Sib: Well, it wasn’t a problem in one sense in that RD thought it was perfectly acceptable to take an exam to get INTO a place where you might improve your logical faculties, he just thought once your faculties were improved you shouldn’t trample underfoot what you had learned and accept an accolade for doing so, but it was kind of a problem in that the students found the chess rather hard to follow. RD would start talking about Lucretian elements in the Aeneid & go to the board & talk about developing the argument on the queenside under the impression that he was helping the students with their exam technique, or he would say Now let’s look at some basic mating positions & have trouble with discipline. So he lost the job and got another job.

HC & RD still went to Fraenkel’s classes. Afterwards they would come out into the front quadrangle at Corpus, there is a statue of a pelican on a pillar in the centre of the quad and RD would pace in anguish around the pelican. HC was getting more and more depressed. Each day he went into the Bodleian at 9:00. At 1:00 he went back to college for lunch, and at 2:15 he was back in the Bodleian. At 6:15 he went back to his college unless of course it was the day of the seminar. Sometimes he worked in the Lower Reading Room, and sometimes he called up a manuscript and worked in Duke Humfrey. There would never be anyone to compete with ever again.

He was weary of philology, weary of tracing the corruption of sounds in their written relics. He wanted to go where a language was not written. He wanted to go where all utterances died with breath.

Then he heard that there was a strange silent tribe in the desert of Kyzylkum. They refused to let anyone who was not of the tribe know its language and any member of the tribe who repeated a word in the presence of a foreigner was punished by death.

HC did some research and he eventually came to the exciting conclusion that the references to a lost silent tribe in four or five separate historical traditions might be to the same tribe which being nomadic had ranged over thousands of miles for thousands of years. He decided to find it.

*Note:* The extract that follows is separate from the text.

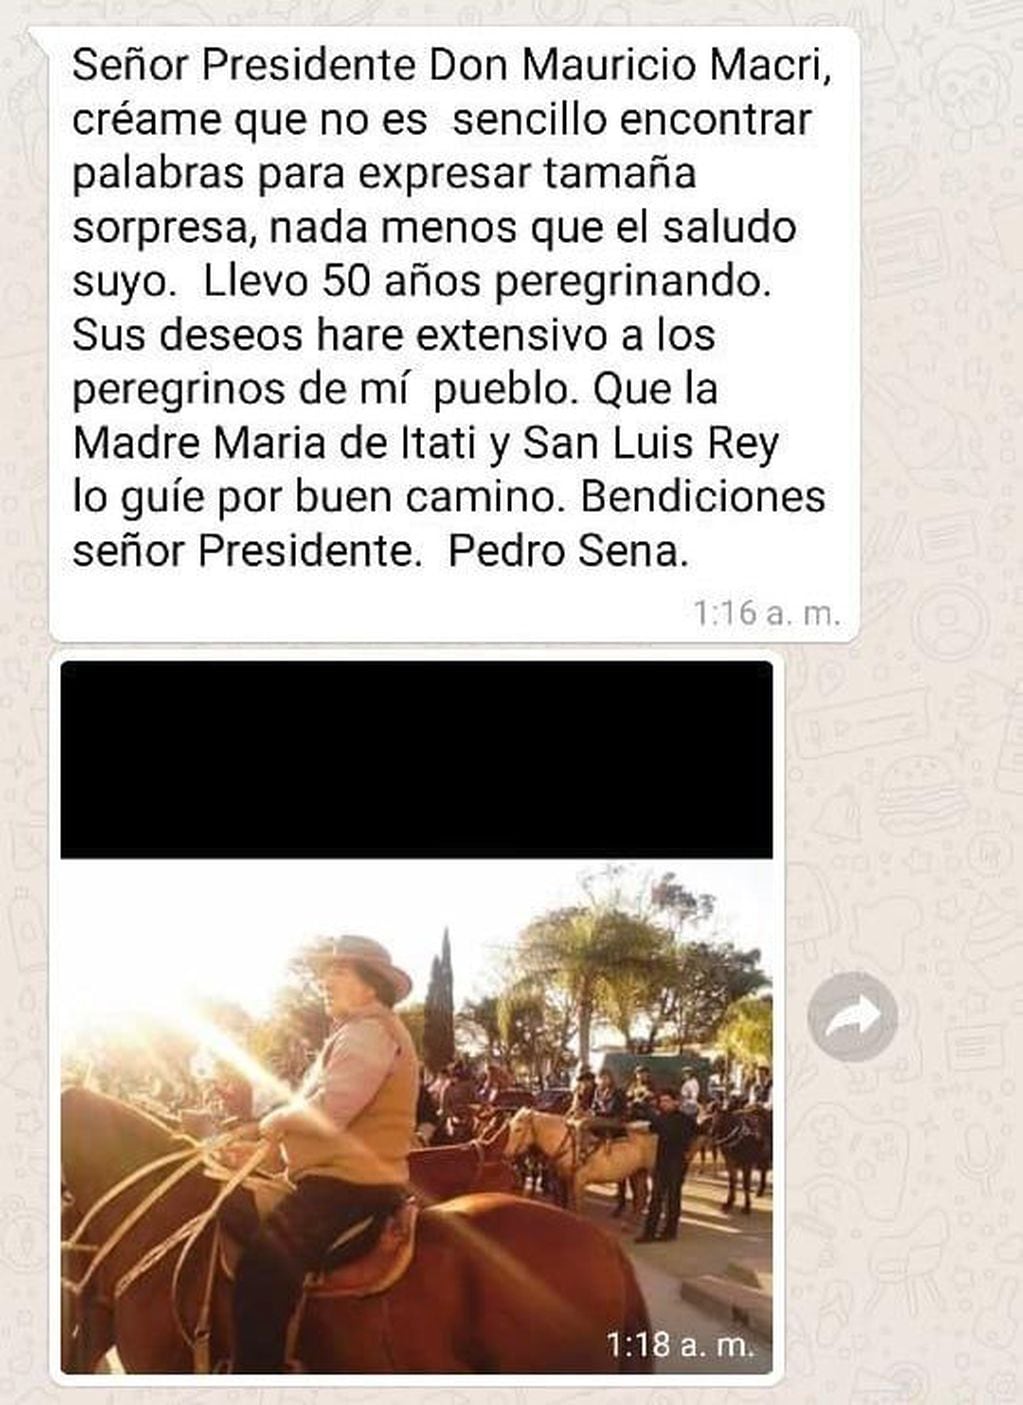 Mauricio Macri envió un saludo para los peregrinos que marchan a Itatí

He spent seven years learning Chinese and Uralic and Altaic and Slavic and Semitic languages, and at the end of his Fellowship he set off for the desert.

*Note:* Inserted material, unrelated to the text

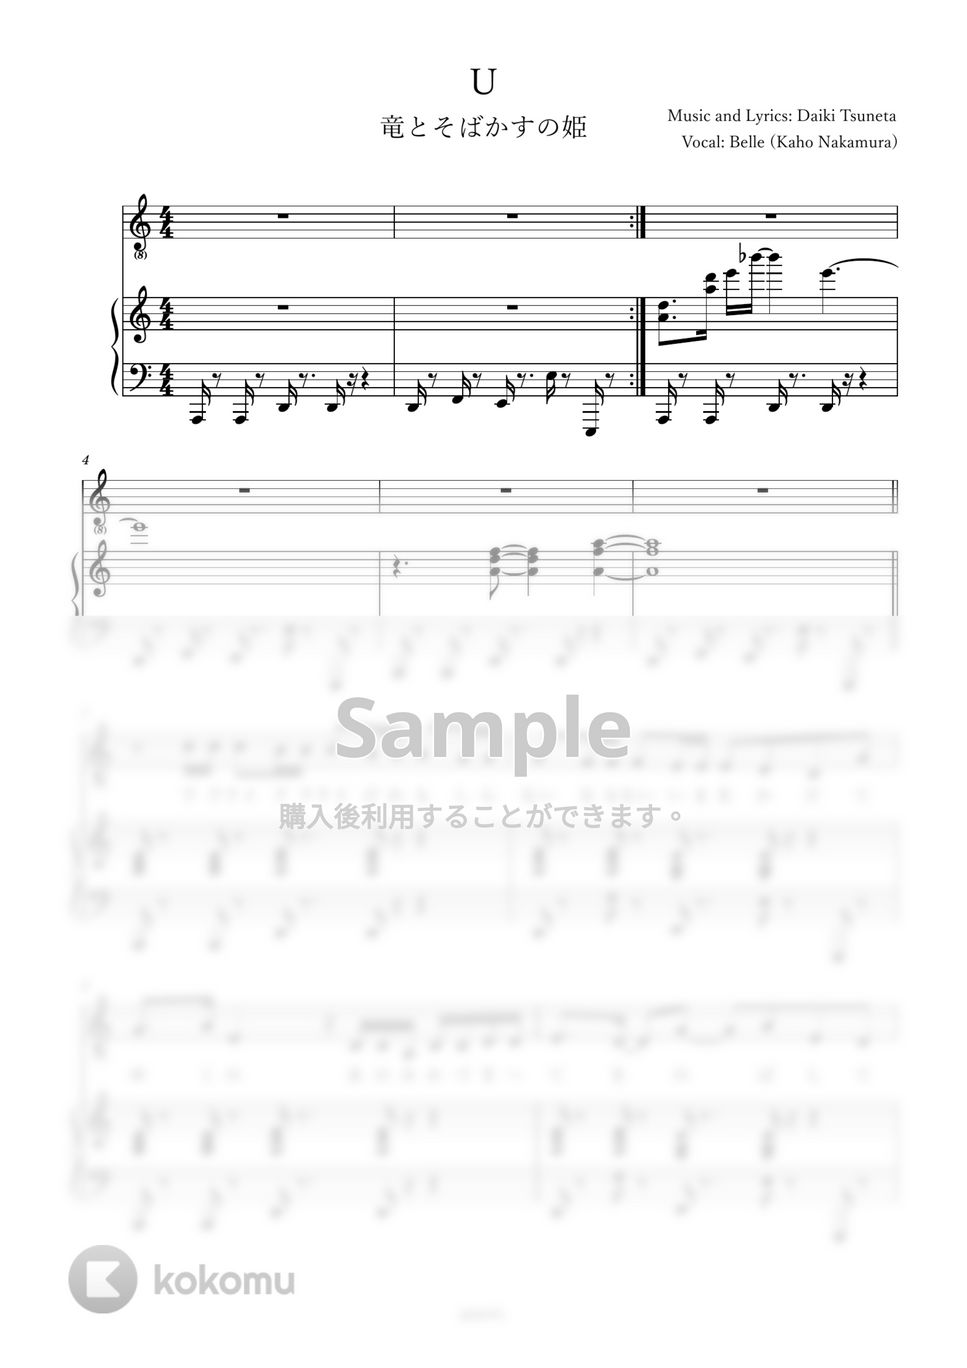 Belle - U (ピアノ伴奏) by poyori.

It was not easy to get to Kyzylkum. He tried to fly to Moscow but he could not get a visa. He tried to get over the border into Turkmenistan from Iran & was turned back. He went to Afghanistan & tried to cross the border into Uzbekistan & was turned back. Then he thought perhaps he could go to Pakistan and cross the Pamirs to Tajikistan and so trek on to Kyzylkum but he was turned back again.

Then he decided to start his quest at the other end. His theory was that the tribe ranged all the way from the Mongolian plateau to the desert of Kyzylkum and he now decided to make for Mongolia instead.

He travelled to China, pretending to be a simple tourist.

HC joined a package tour to avoid suspicion. The tour included a visit to Xinjiang, a province in the far northwest of the country; his plan was to leave the group at Ürümqi and make his way to the Mongolian border. On the second day of the tour it was announced that the Xinjiang leg of the tour had been cancelled to allow more time for celebrated landscapes of art and poetry.